When is tax collected at source?

The eligible sellers must collect TCS tax at the earlier of the following dates:

  • At the time of debiting the money payable by the buyers to their accounts in the books of accounts
  • On receiving such money from buyers in any mode, including cash issue of a cheque or draft

** For the sale of motor vehicles, TCS charges are collected on receiving money or consideration from the buyer for a motor vehicle.

Tax Collected at Source Example

Mr. Sharma purchases a car worth Rs. 12 lakh from an authorized dealer. As per the TCS rules mentioned above, he has to pay the TCS tax at the rate of 1%, i.e., Rs. 12,000. So, the total amount payable to the dealer with TCS applicability becomes Rs. 12.12 lakh.
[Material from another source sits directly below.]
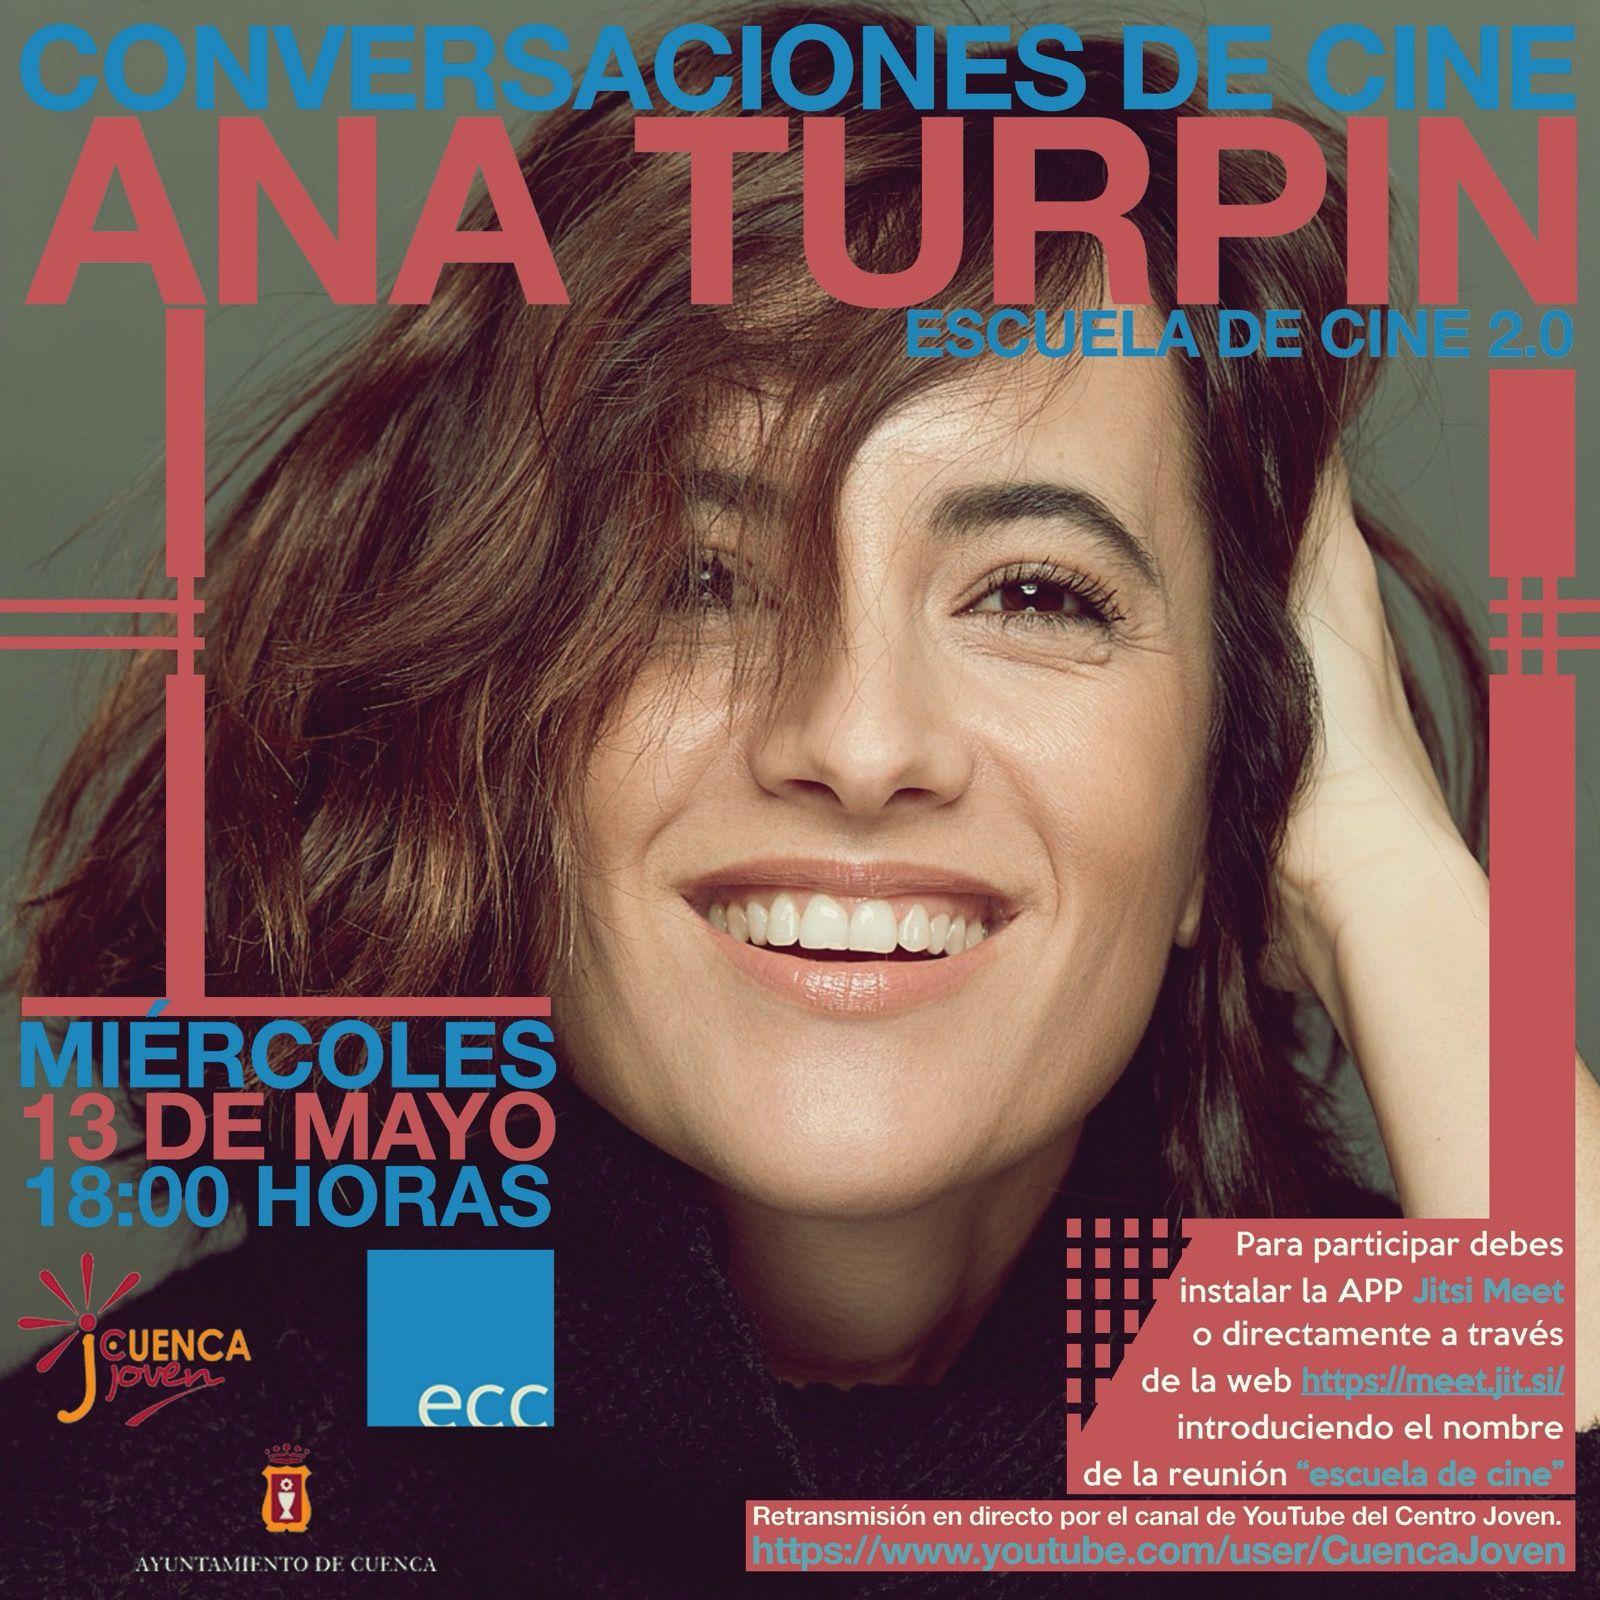 Iniciación a la batería, danza oriental y Bollywood, y un encuentro con la actriz Ana Turpin, propuestas del Centro Joven para esta semana de Cuenca

More about TCS tax payments and returns

  • The amount collected by a Government office should be deposited on the same day. 
  • The seller needs to deposit the TCS on sale of goods in Challan 281 within seven days from the last day of the month during which the tax was collected.
  • In case the tax collector who is responsible for collecting TCS charges and depositing to the govt. does not collect the TCS or does not pay them to the govt. after collecting it, he will be liable to pay interest at the rate of 1% per month or a part of the month.
  • Tax collectors also need to submit a quarterly TCS tax return via Form 27EQ. Also, any interest related to the delay in payment of the tax as per TCS rules should be paid before filing the return.
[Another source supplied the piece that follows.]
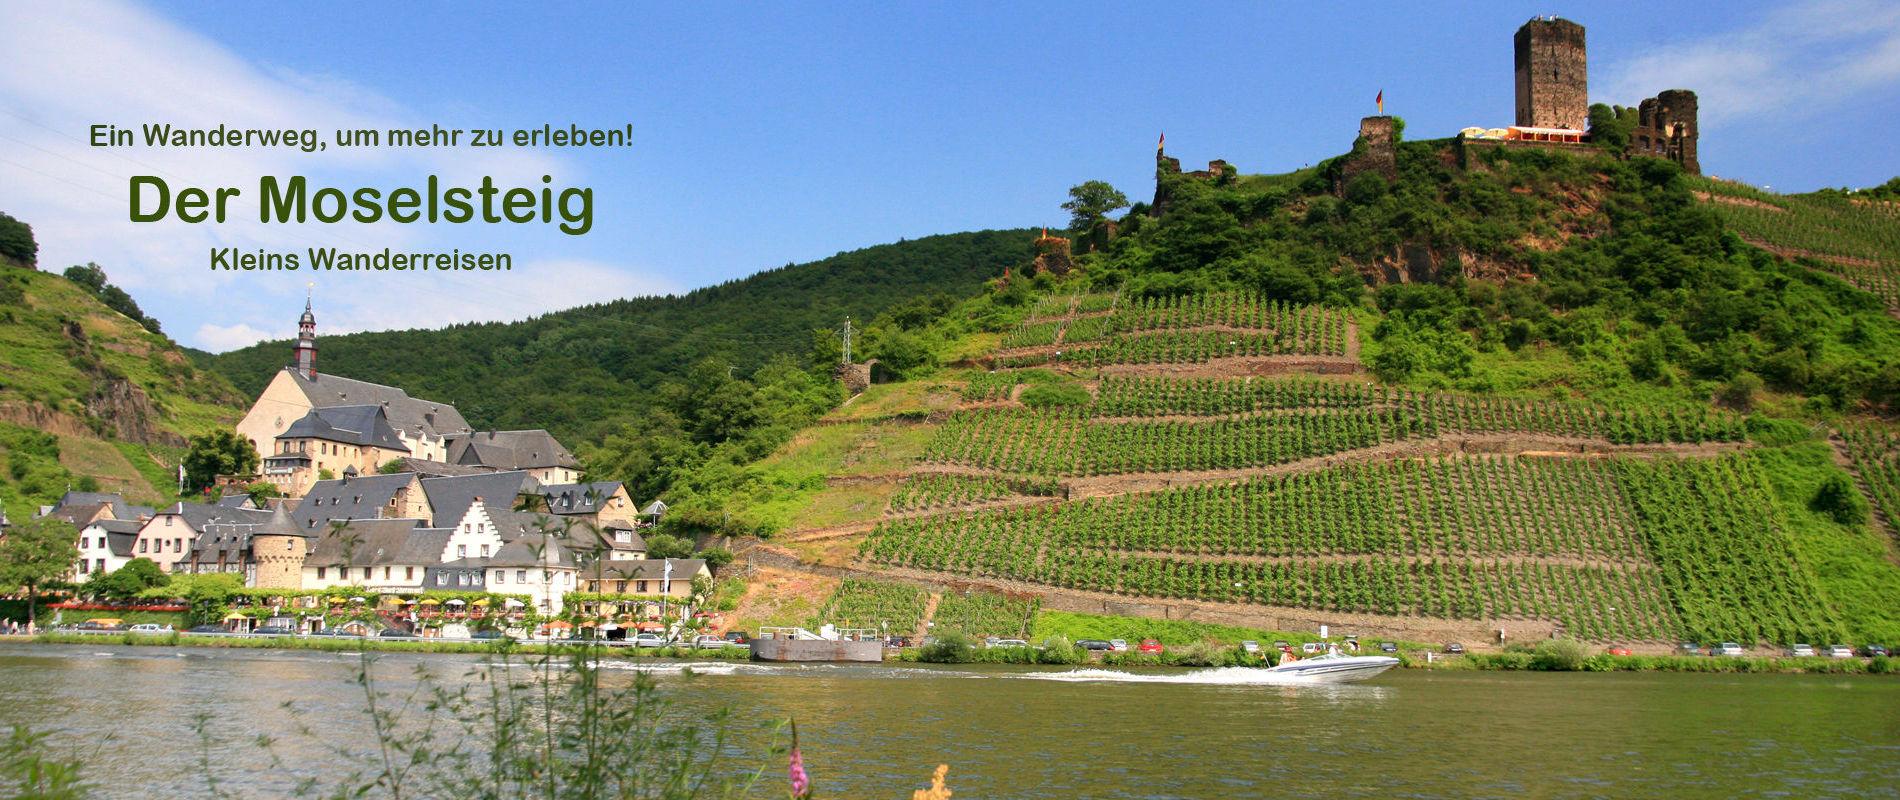 Moselsteig Beilstein mit Burg Metternich

What is a TCS certificate?

TCS certificate refers to the certificate provided by the tax collector to the buyer on filing his quarterly return for the tax collected at source. Form 27D refers to the certificate issued for the TCS tax returns and it contains the following information:

  • Buyer and seller names
  • PAN of both buyer and seller
  • TAN of seller filing the quarterly returns
  • Total tax collected at source by the seller\
  • Tax collection date
  • Rate of TCS applied

This certificate must be issued within 15 days from the date when TCS tax quarterly returns are filed.

TCS due dates for different quarters 

For the quarter ending on TCS return due dateDate to generate Form 27D
30 June15 July30 July
30 September15 October 30 October
31 December 15 January 30 January
31 March 15 May 30 May

TCS rules for tax exemptions

The tax collected at source is exempted when:

  • When the eligible goods are purchased for personal use
  • When the buyer purchases the goods for processing, manufacturing, and production, and not for trading

FAQs

What will happen if I file the return for tax collected at source later than the due date?

If the seller fails to file the TCS tax return on or before the due date mentioned above, a late fee of Rs. 200 per day must be paid. However, the amount of late fee should not exceed the TCS charges payable.

What will happen on filing an incorrect TCS return?

A penalty can also be imposed under Section 271H if the tax collector files an incorrect return for TCS on sale of goods. This penalty can range from Rs. 1,000 to Rs. 1,00,000. 

Is TCS refundable?

TCS collected using a buyer’s PAN is available for adjustment.

What is TCS tax used for?

The tax collected at source is the same as income tax revenue in a financial year. It is used for the country’s infrastructural development, education, etc.